Objective: To compare the diagnostic accuracy, linguistic clarity, and user satisfaction of three large language models (ChatGPT-4.0, Claude 3.7 Sonet, and OpenAI Mini 3) in managing sudden sensorineural hearing loss.
Study design: Prospective, multi-domain comparative analysis using blinded expert evaluation.
Setting: Online artificial intelligence (AI) platforms accessed under standardized conditions.
Methods: Twenty-seven sudden sensorineural hearing loss-related questions-covering general knowledge, audiometric interpretation, and clinical case scenarios-were submitted to the three AI models. Responses were evaluated by 10 board-certified otolaryngologists using three validated tools: Quality Assessment of Medical Artificial Intelligence (QAMAI), Artificial Intelligence Performance Instrument (AIPI), and Artificial Intelligence Satisfaction and Performance Evaluation Questionnaire (AISPE-Q). Linguistic complexity was assessed using metrics such as word count, sentence length, lexical diversity, and clinical verb use.

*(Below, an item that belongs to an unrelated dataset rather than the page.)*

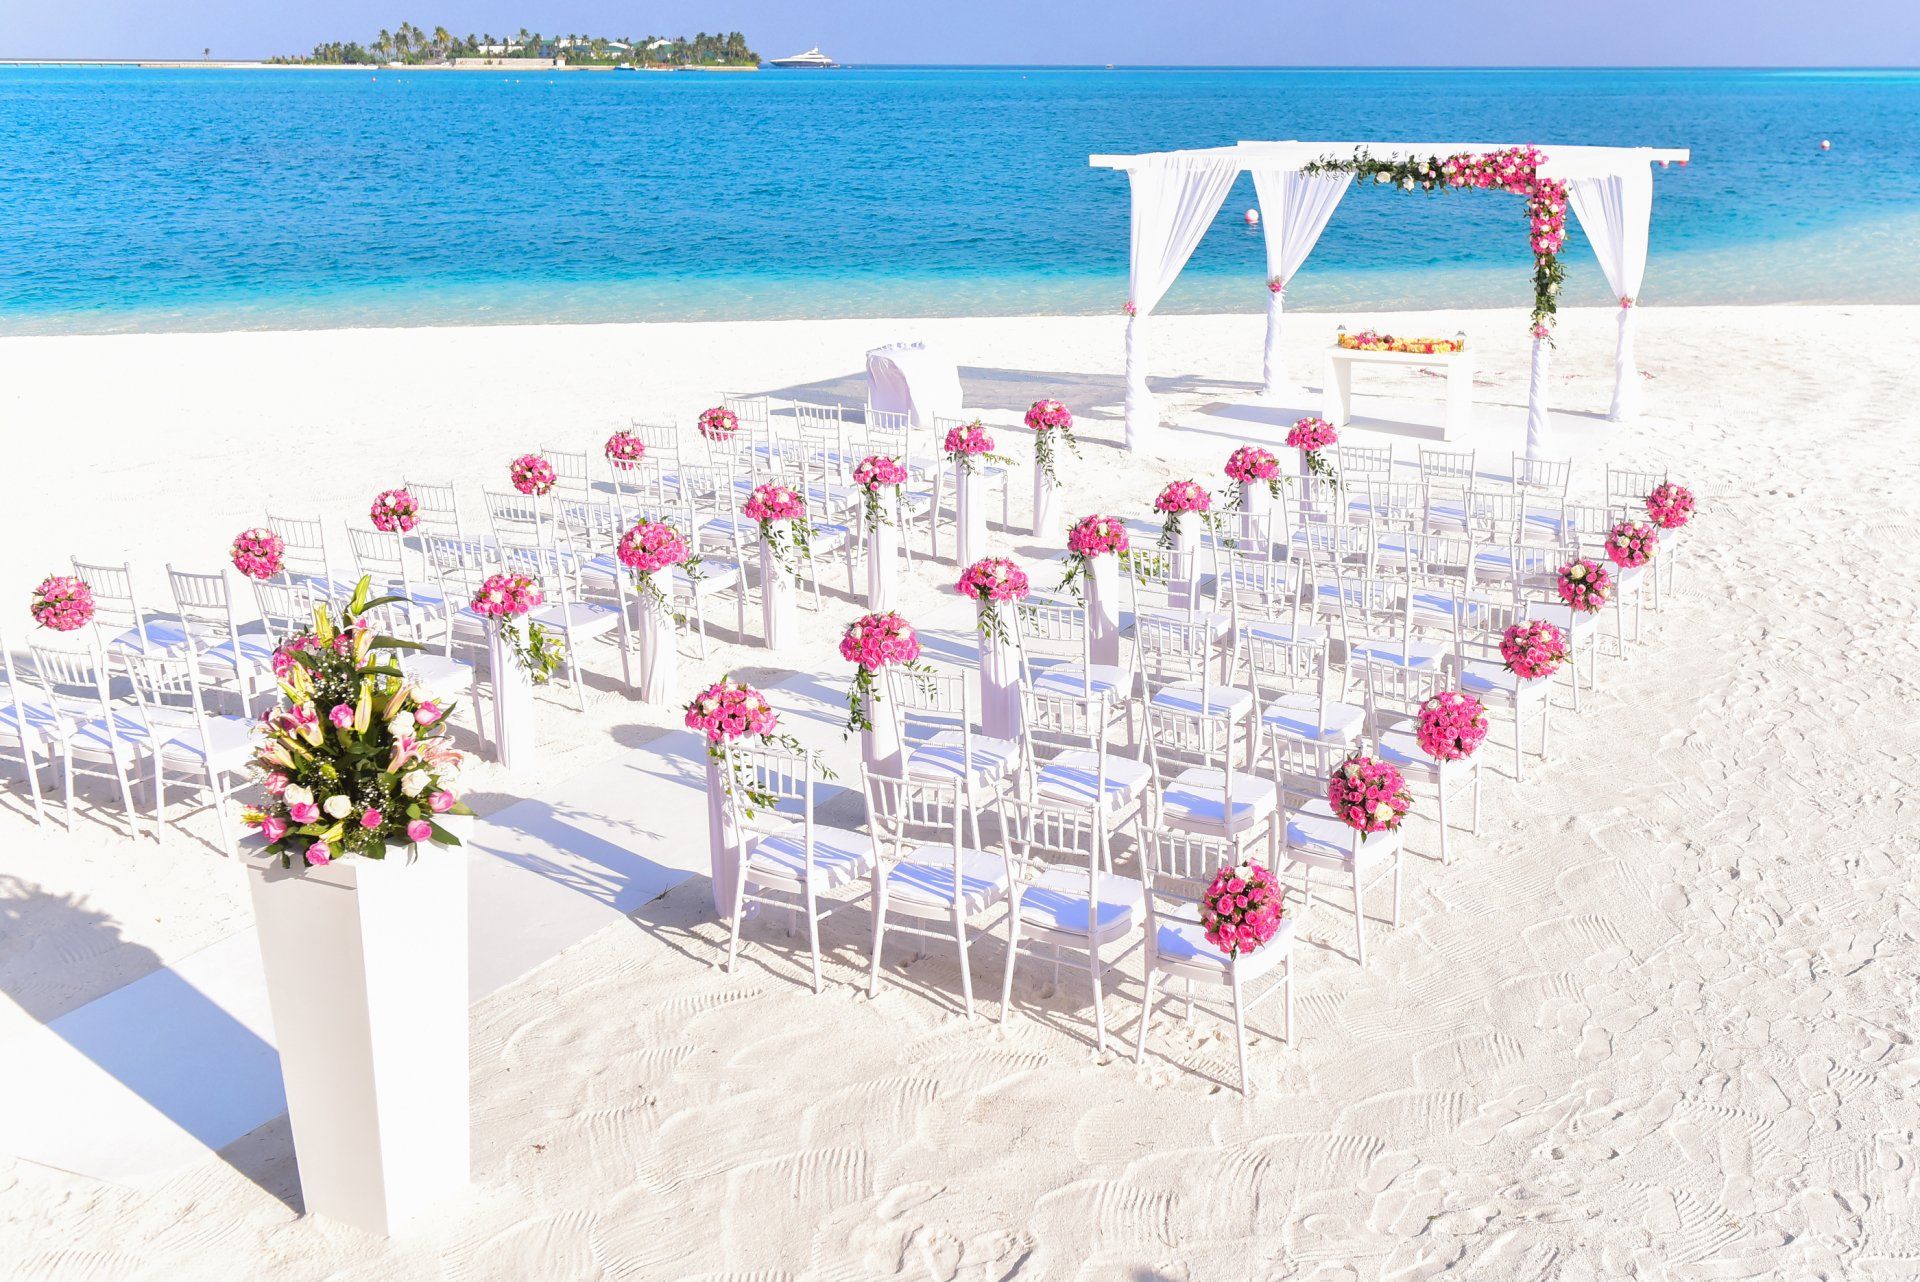 A wedding ceremony on the beach
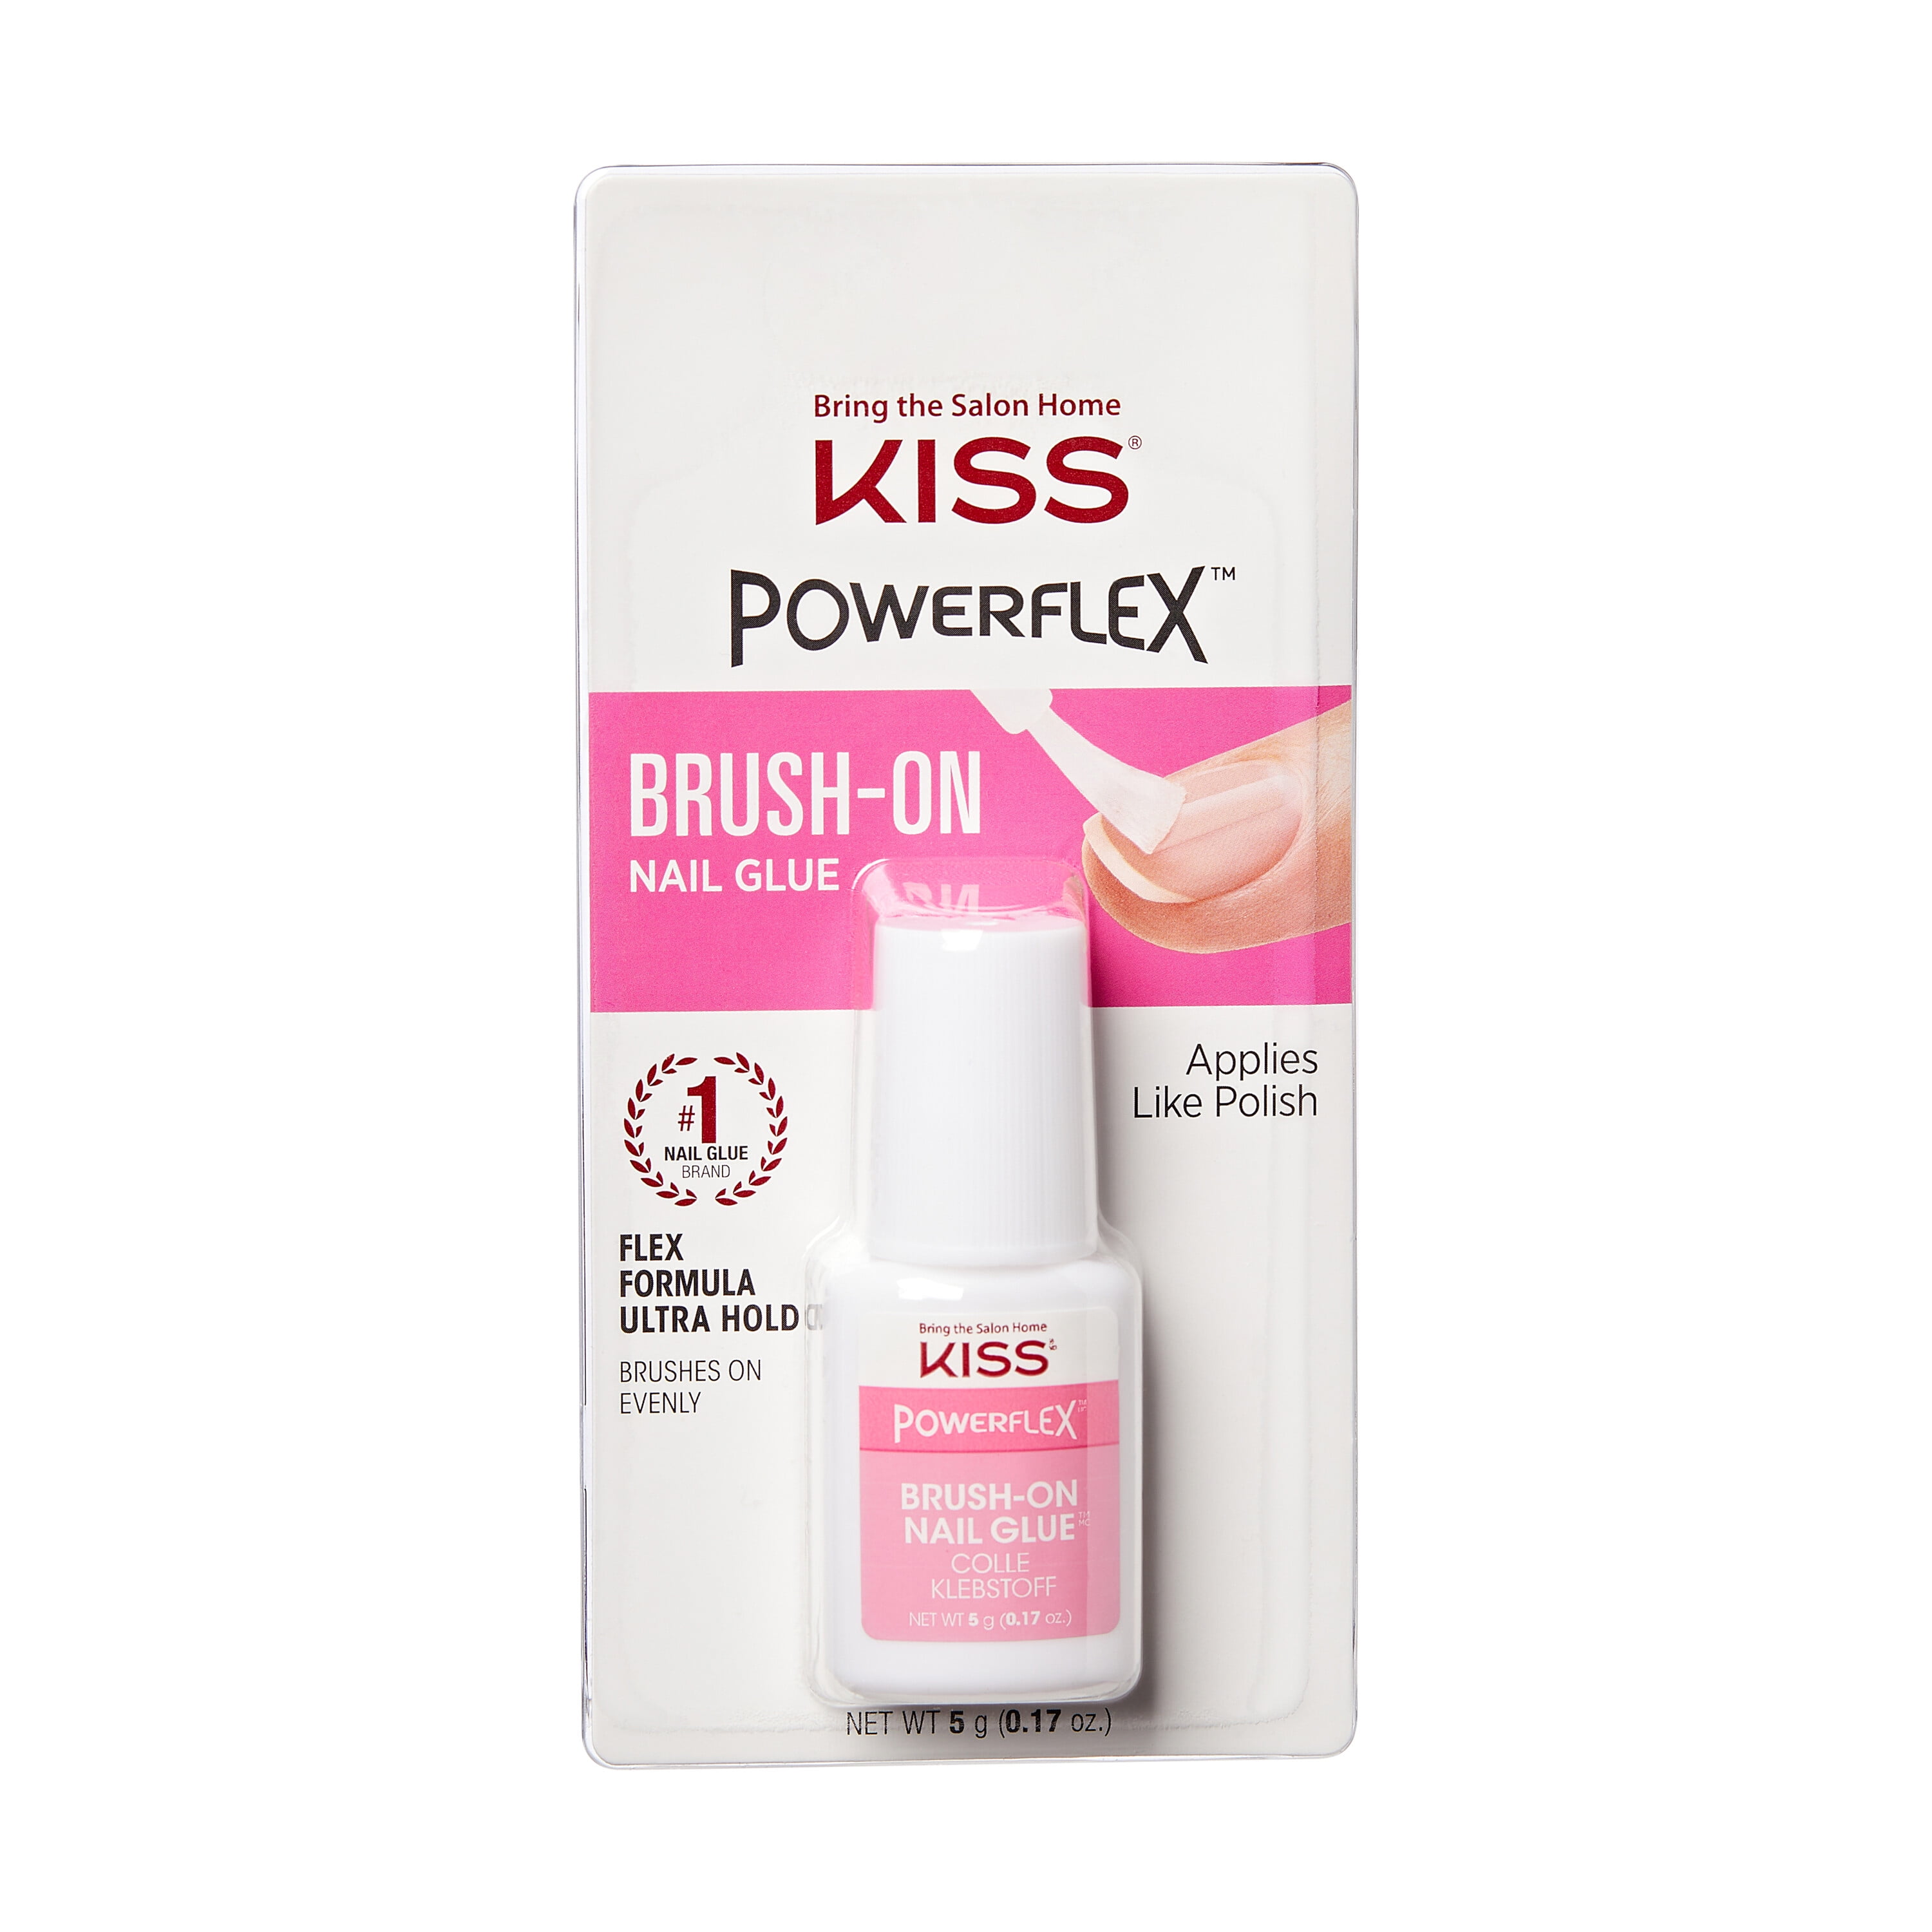 KISS PowerFlex Brush-On Nail Glue, Ultra Hold Flex Formula, 5g (0.17 oz.) –  KISS USA

Results: ChatGPT-4.0 demonstrated the highest scores in clinical accuracy (QAMAI: 4.57), completeness (4.53), and evaluator satisfaction (AISPE-Q: 94%). Claude 3.7 outperformed in clarity and sentence complexity, while OpenAI Mini 3 exhibited the highest lexical diversity and directive tone but scored lower overall. Inter-rater reliability was strong (intraclass correlation coefficient [ICC] > 0.85). Correlation analysis revealed a significant relationship between objective quality and subjective satisfaction (r > 0.76).
Conclusion: ChatGPT-4.0 delivered the most clinically aligned and satisfactory responses, whereas Claude 3.7 provided linguistically refined outputs. Our findings support the context-specific application of hybrid large language model approaches in otolaryngology, particularly for patient education, diagnosis, and AI-driven triage.
Level of evidence: 2-prospective comparative diagnostic accuracy study.
Keywords: ChatGPT; Claude Sonet; SSHL; artificial intelligence; large language models; linguistic analysis; otolaryngology.
© 2026 American Academy of Otolaryngology–Head and Neck Surgery Foundation.